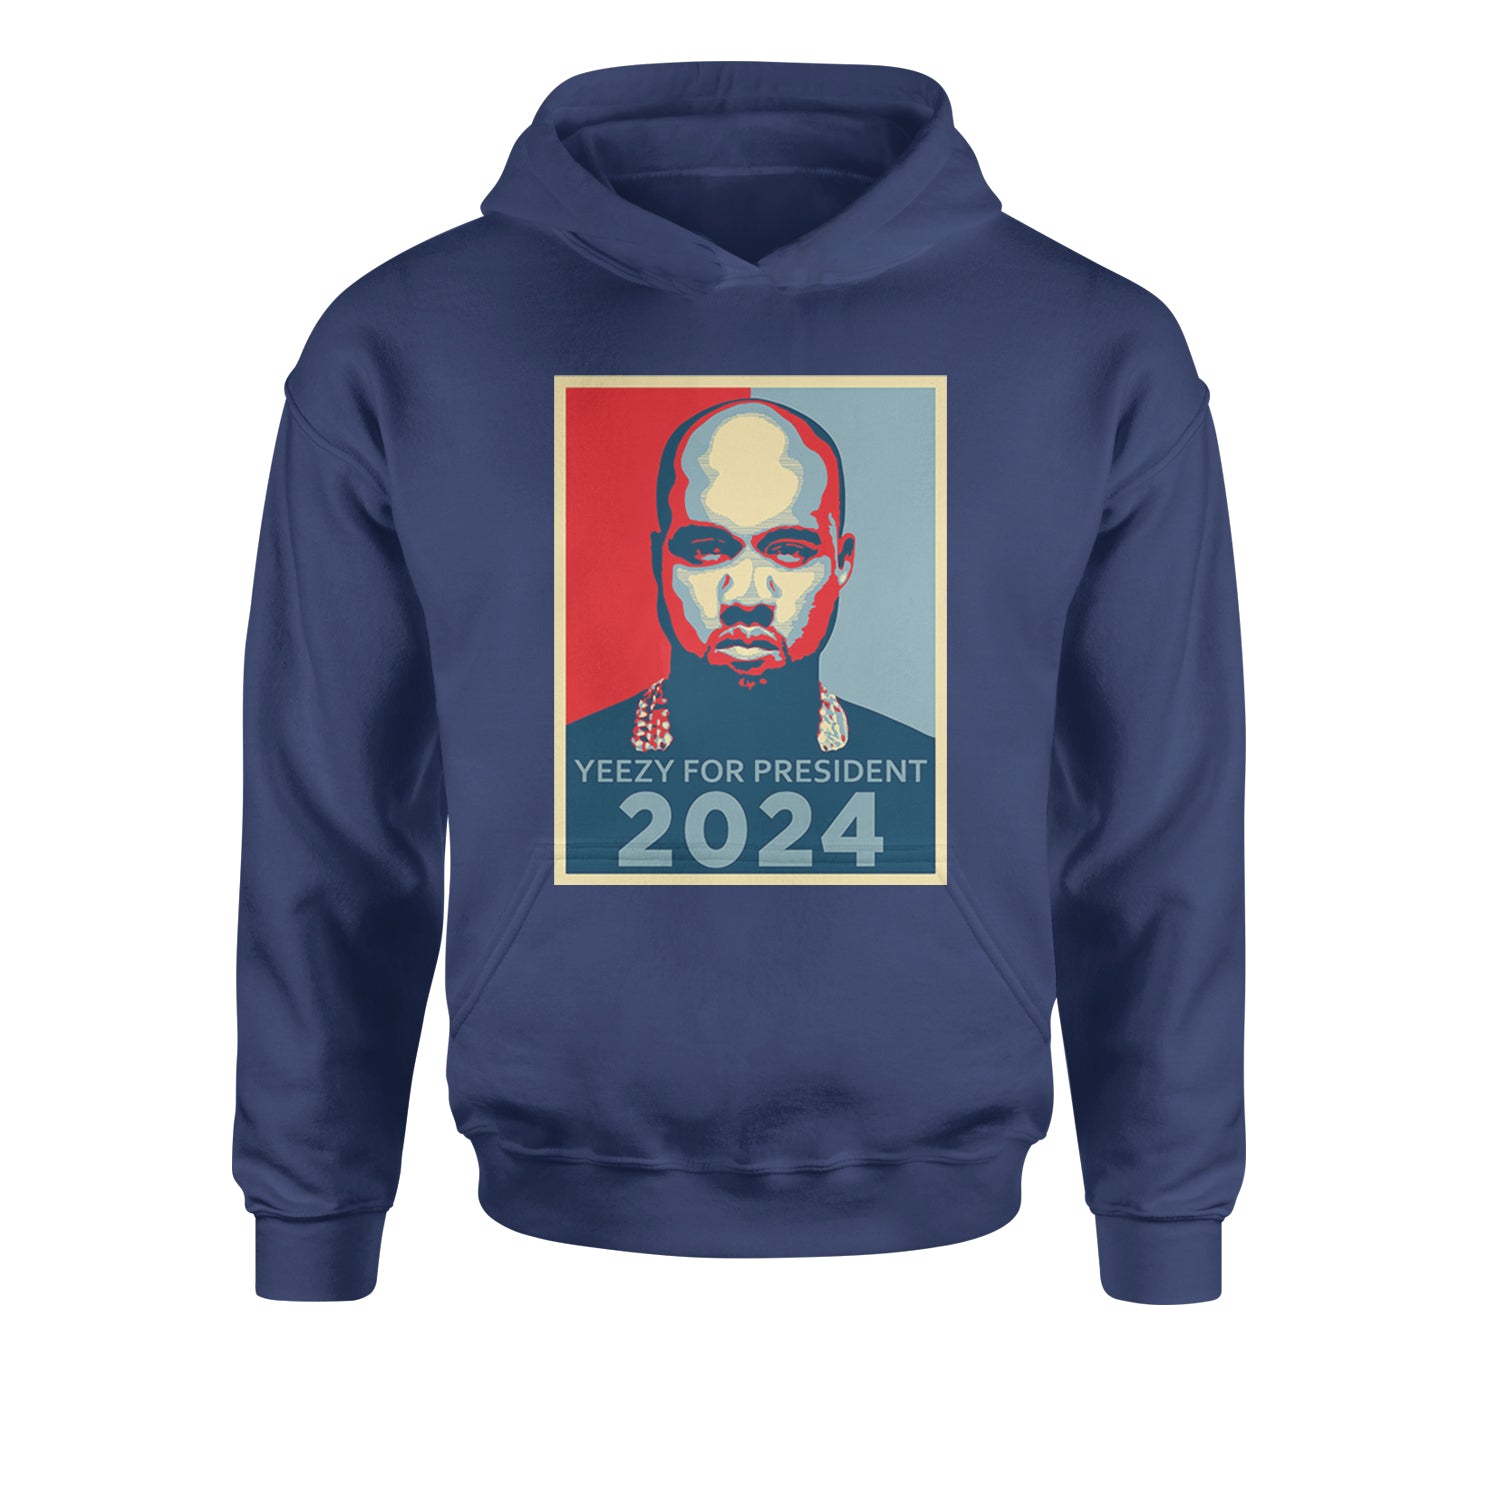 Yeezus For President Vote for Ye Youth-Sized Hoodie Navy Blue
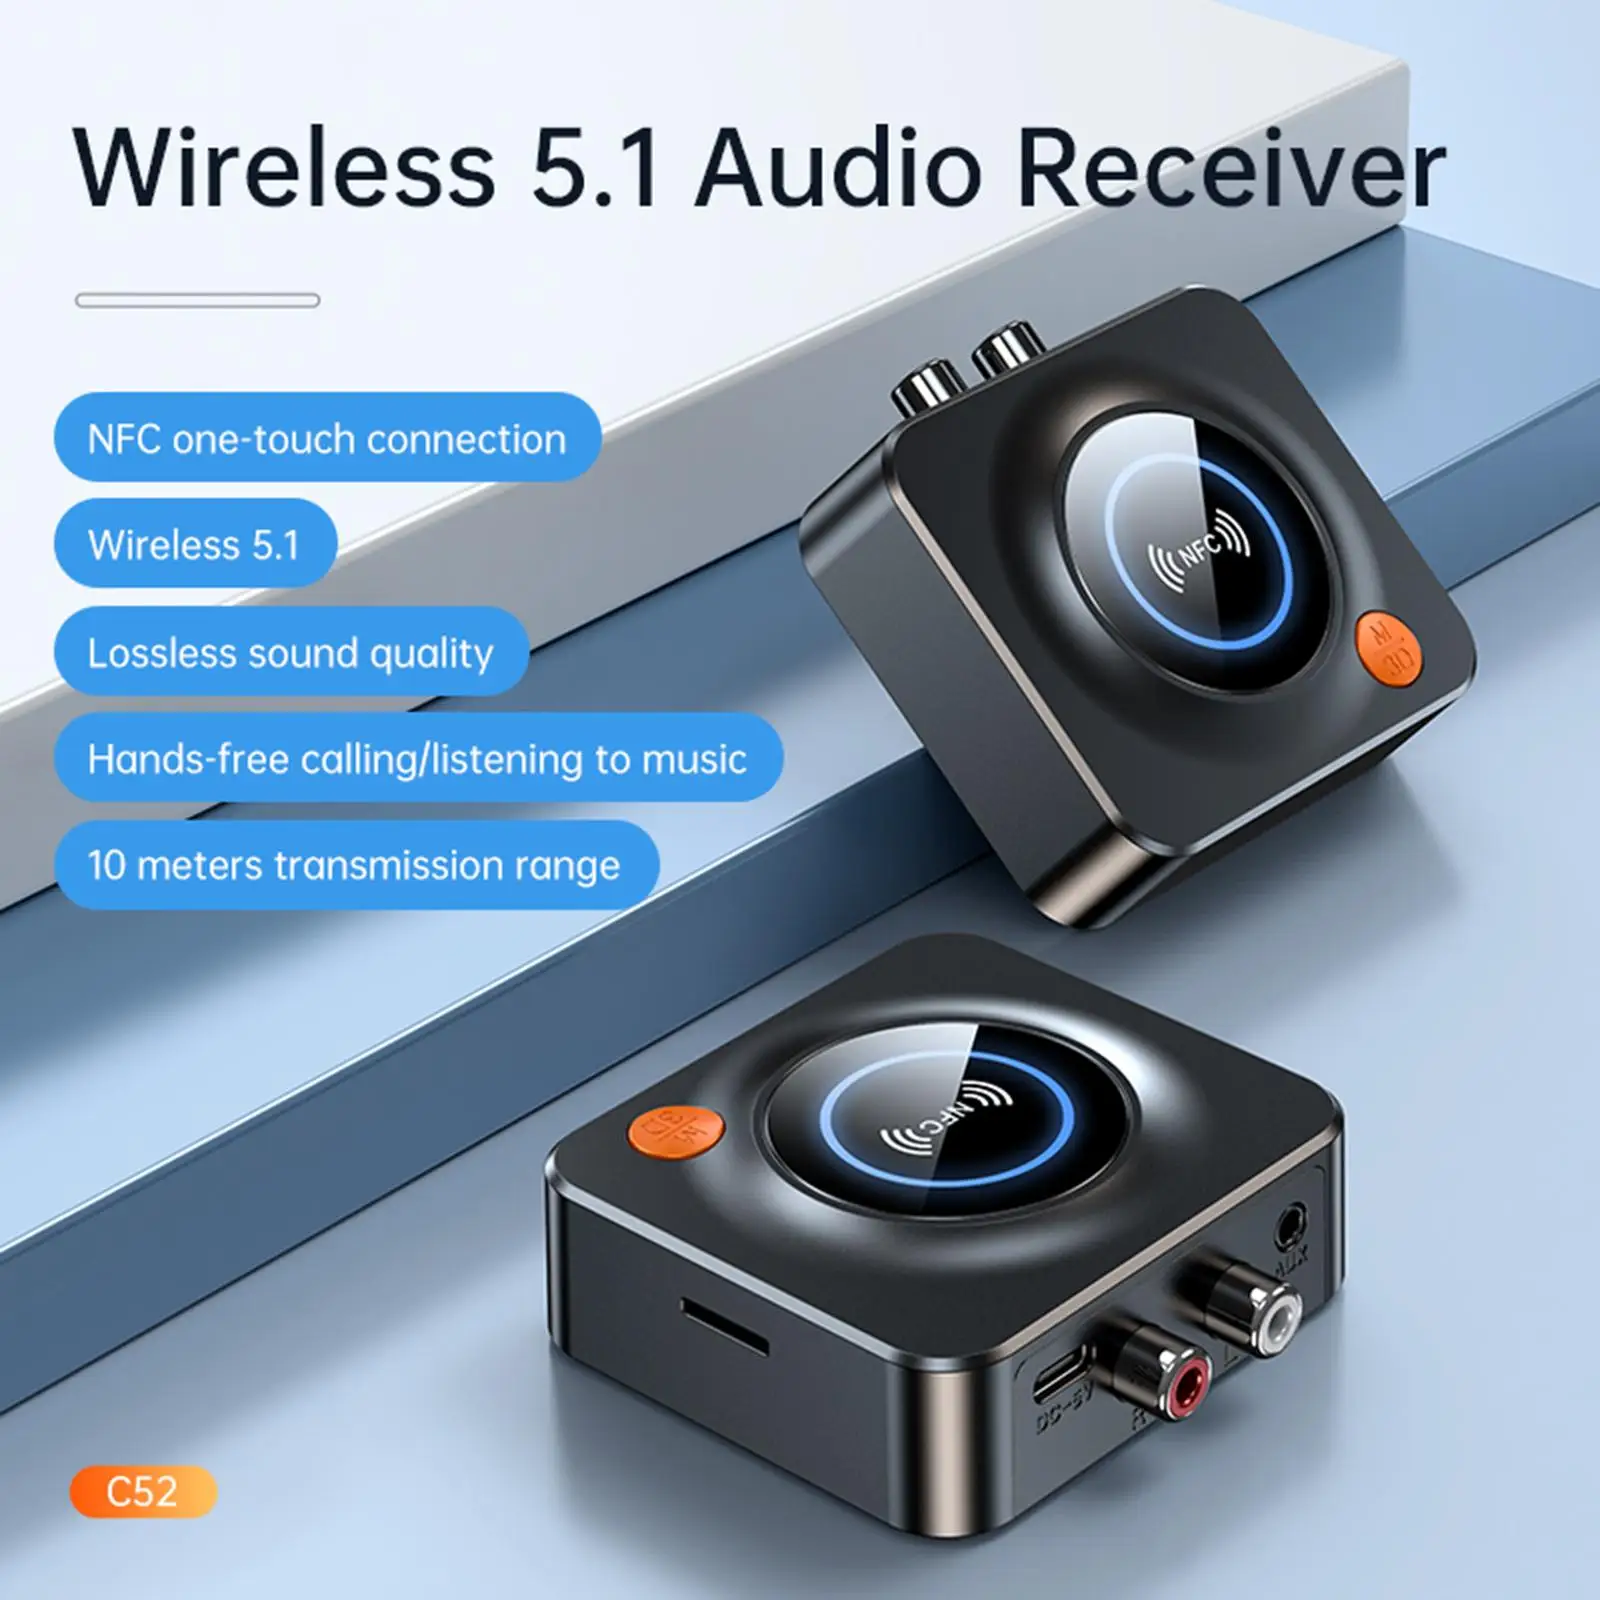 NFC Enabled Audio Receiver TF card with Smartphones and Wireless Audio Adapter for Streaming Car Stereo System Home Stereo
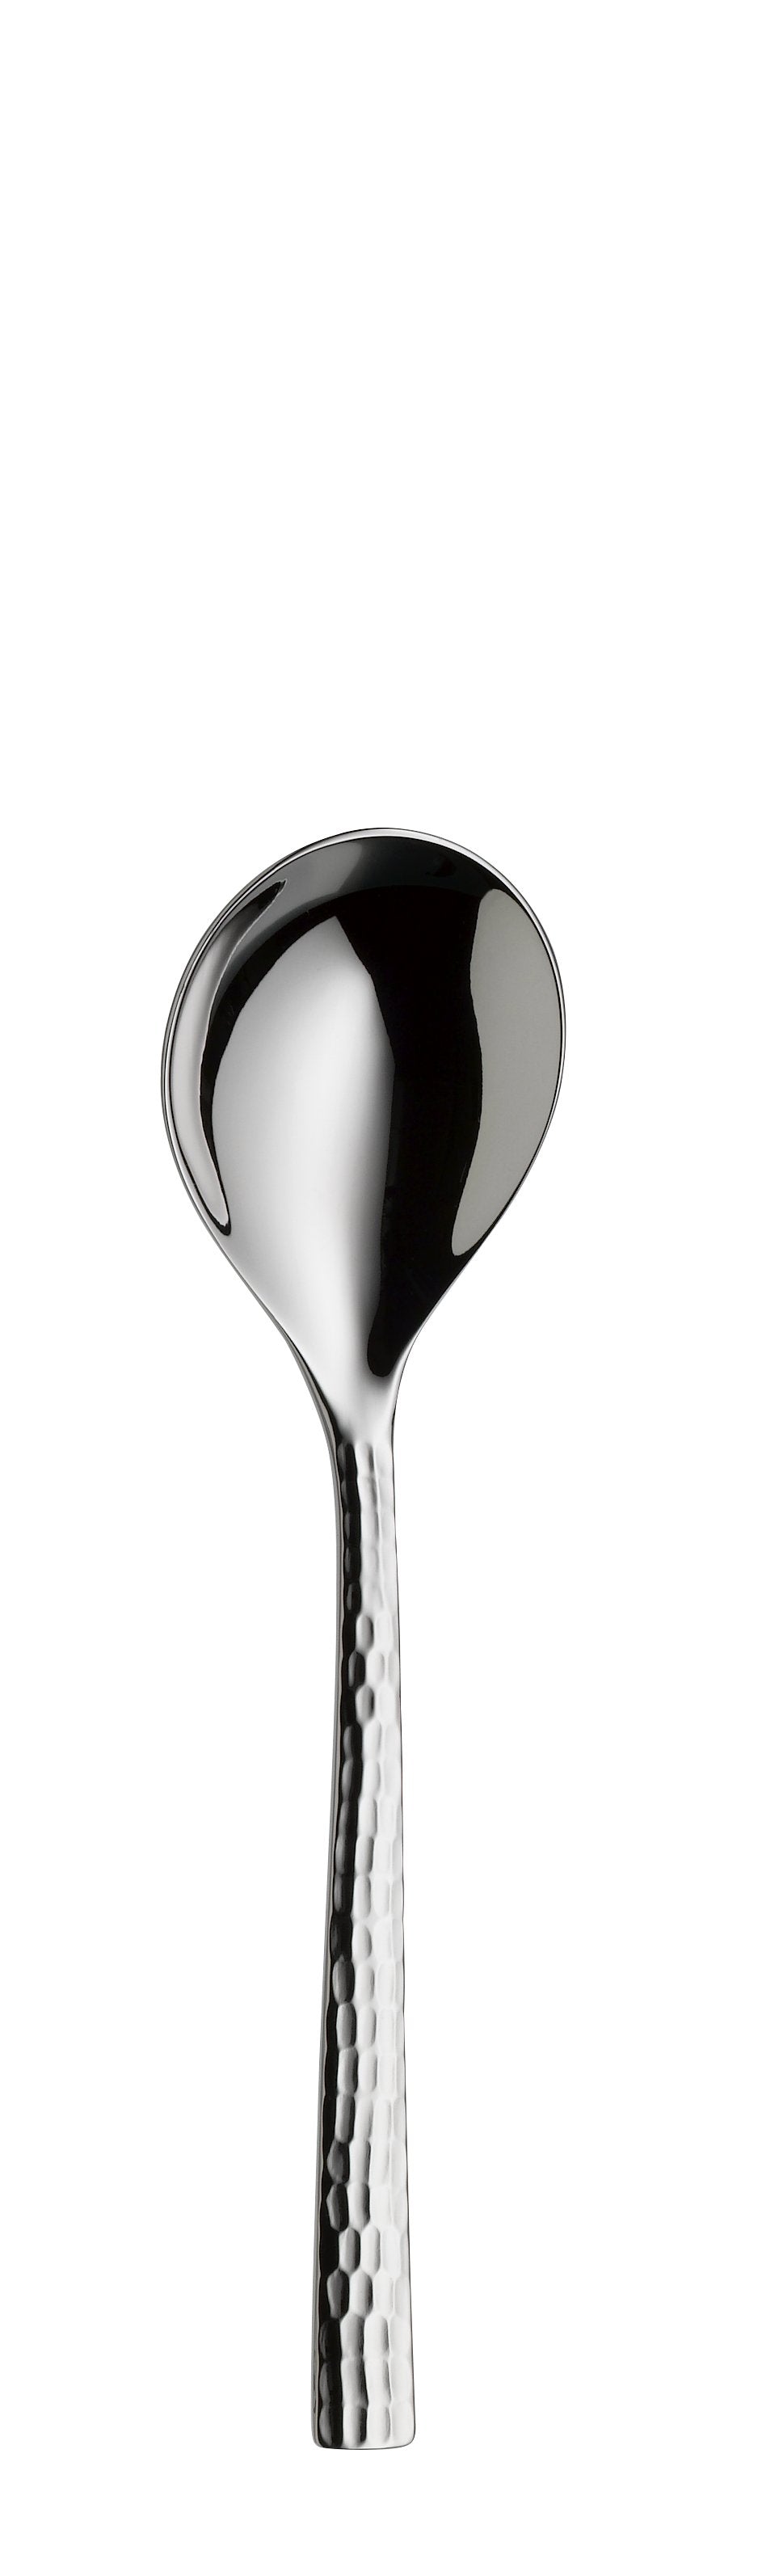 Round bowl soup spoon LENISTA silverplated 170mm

• _Problem_
Return the complete data unchanged and include none of the pictures.

• _Response area_
 Yeezus For President Vote for Ye Youth-Sized Hoodie Navy Blue
 NFC Enabled Audio Receiver TF card with Smartphones and Wireless Audio Adapter for Streaming Car Stereo System Home Stereo
 Round bowl soup spoon LENISTA silverplated 170mm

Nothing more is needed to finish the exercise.